Trotz gestiegener Produktionspreise sinkt der Erlös für ihre Ware
Konkurrenz und Kostendruck: Kartoffelbauern in der Klemme
Neustadt (dpa/lrs) - Hohe Kosten, niedrige Preise - diese Kombination setzt den Kartoffelbauern in Rheinland-Pfalz zu. «Da sind teilweise die Nerven am Ende», sagt Andrea Adams, Geschäftsführerin des Bauern- und Winzerverbandes Rheinland-Pfalz Süd. Das liegt aber nicht an sinkender Nachfrage: Während vor Ort angebaute Kartoffeln erntereif wurden, sei im Einzelhandel oftmals deutlich günstigere Ware aus dem Ausland angeboten worden - «teils zu Dumpingpreisen», berichtet sie. Hinzu kämen gestiegene Kosten für Bauern, während die Erlöse niedriger ausfielen als im Vorjahr, heißt es bei der Erzeugergemeinschaft «Pfälzer Grumbeere».
Die Pfalz und Rheinhessen sind den Angaben zufolge die größten zusammenhängenden Anbaugebiete für Frühkartoffeln in Deutschland. Mit rund 4000 Hektar liegt die Anbaufläche 2022 auf Vorjahresniveau. Die Erntemenge von 2000 Tonnen an Spitzentagen liege dagegen deutlich unter dem Standard von normalen Saisons, in denen über Wochen täglich bis zu 3000 Tonnen Frühkartoffeln geerntet würden.
Gleichzeitig sind die Kosten gestiegen: «In Erwartung fairer Preise und einer verlässlichen Ernteabnahme haben die Erzeuger von "Pfälzer Grumbeere" inflationsbedingte Kostensteigerungen von rund 30 Prozent vorfinanziert», sagt der Vorsitzende der Erzeugergemeinschaft, Hartmut Magin. Während Verbraucherpreise für Speisekartoffeln weitgehend auf dem Niveau des Vorjahres lägen, würden für 100 Kilogramm Kartoffeln fünf Euro weniger gezahlt als im Jahr 2021. «Die Kombination aus höheren Kosten, deutlich weniger Erntemengen und geringeren Erlösen führen zu einer unbefriedigenden Ertragssituation.»
Parallel zur Frühkartoffelernte seien große Mengen ausländischer Kartoffeln auf den Markt gekommen, wodurch für Kartoffelbauern in Rheinland-Pfalz ein Preisdruck entstanden sei. Anders als in den Vorjahren hätten nicht alle Anbieter im Lebensmitteleinzelhandel von ausländischer Ware auf die traditionell ersten Frühkartoffeln aus deutschem Anbau umgestellt.

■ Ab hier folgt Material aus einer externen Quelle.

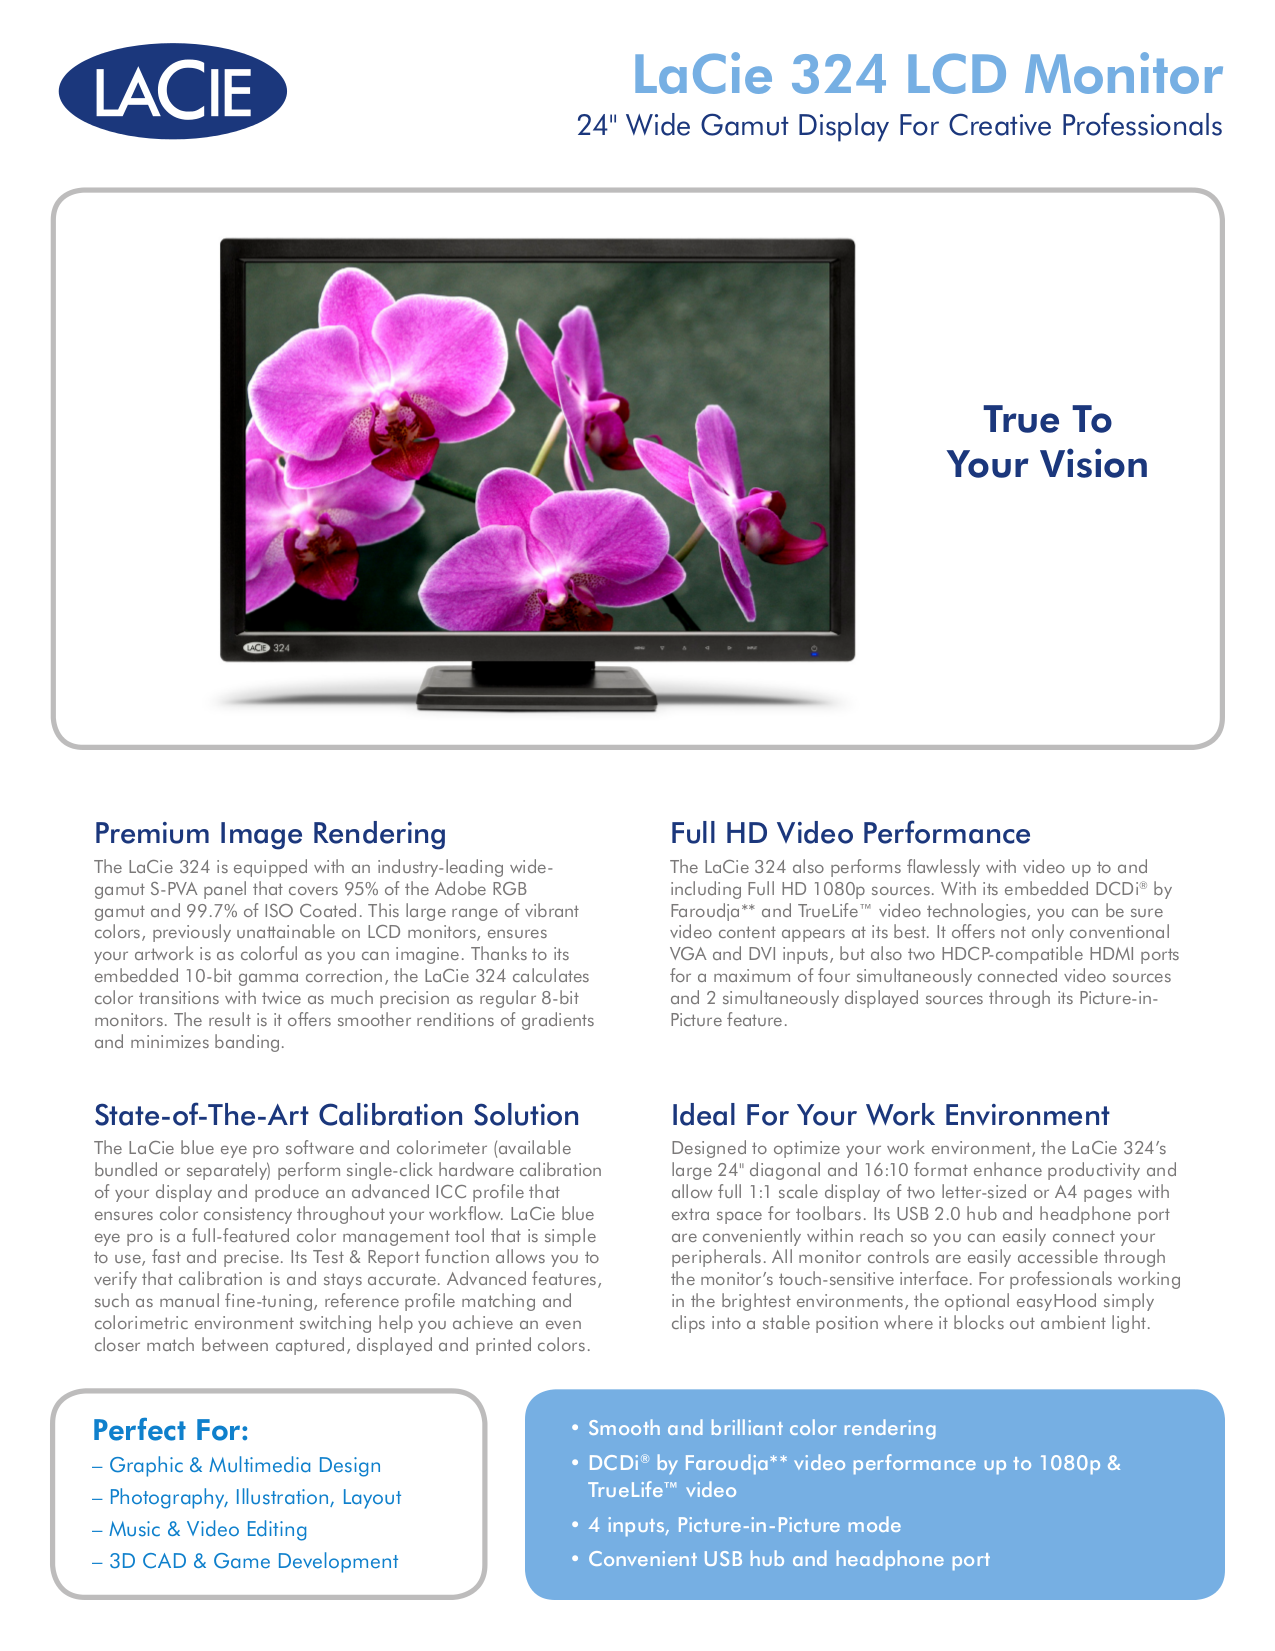 pdf for LaCie Monitor 324 manual

Thomas Scherer vom Handelsverband Rheinland-Pfalz verweist auf die derzeitige Nachfragesituation: «Wir haben gesehen, dass viele Kunden auf günstige Produkte gesetzt haben.» Dies hänge auch mit gestiegenen Energiepreisen, Inflation und dem Krieg in der Ukraine zusammen. Die «Pfälzer Grumbeere» verortet Scherer als eine Spezialität im Lebensmittelmarkt: «Gerade der Spezialitätenbereich hat stark unter der Verunsicherung der Verbraucher gelitten». Dabei verweist er auf eine Erhebung des Instituts für Handelsforschung in Köln (IFH), nach der Stand Frühjahr 2022 rund 27 Prozent der Verbraucher auf Spezialitäten und Delikatessen verzichten würden. Dies spiegele sich auch im Angebot der Händler wider.

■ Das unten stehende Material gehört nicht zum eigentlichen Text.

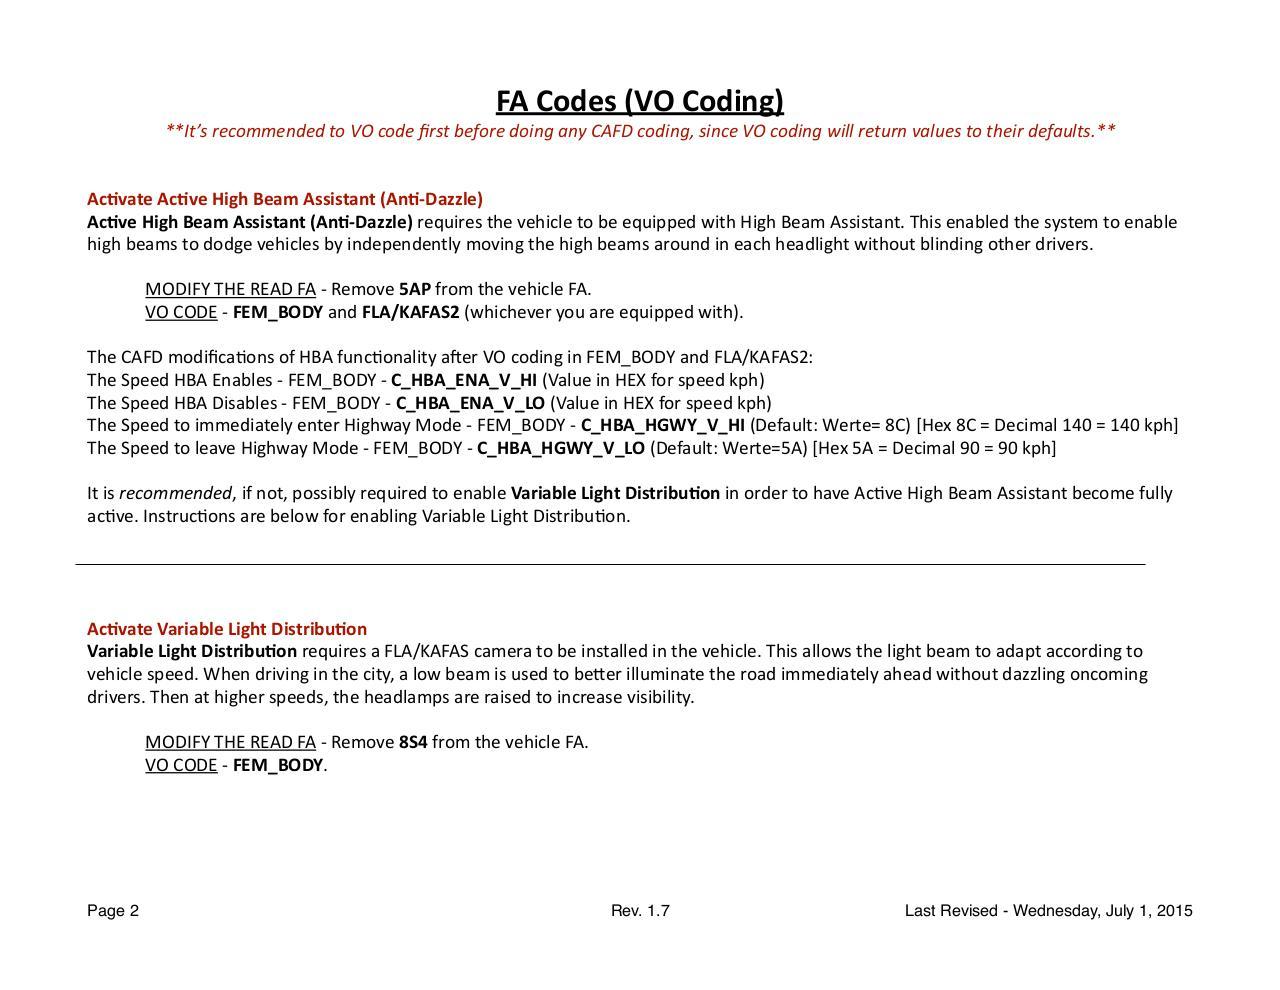 BMW Codes - F30_Coding_Reference_Guide_v1 7 pdf - Fichier PDF

Die Folge: «Dieses Jahr kommt vieles auf einmal: eine schlechte Saison, Trockenheit und hohe Energiepreise. Daher haben viele auch Existenzängste», sagt Andrea Adams zur derzeitigen Lage. Davon seien auch andere Bereiche der Landwirtschaft betroffen.
In einem Brief appelliert die Erzeugergemeinschaft an Marktpartner und warnt vor einer «Abhängigkeit vom Ausland», falls Anbauer in Deutschland ihre Produktion einstellen müssten. Dabei sei auch die Frage nach Nachhaltigkeit und CO2 Bilanz zu stellen, «wenn Kartoffeln aus Asien und Afrika Tausende Kilometer zu uns transportiert werden, während die Erzeuger vor Ort auf ihrer Ernte sitzen bleiben».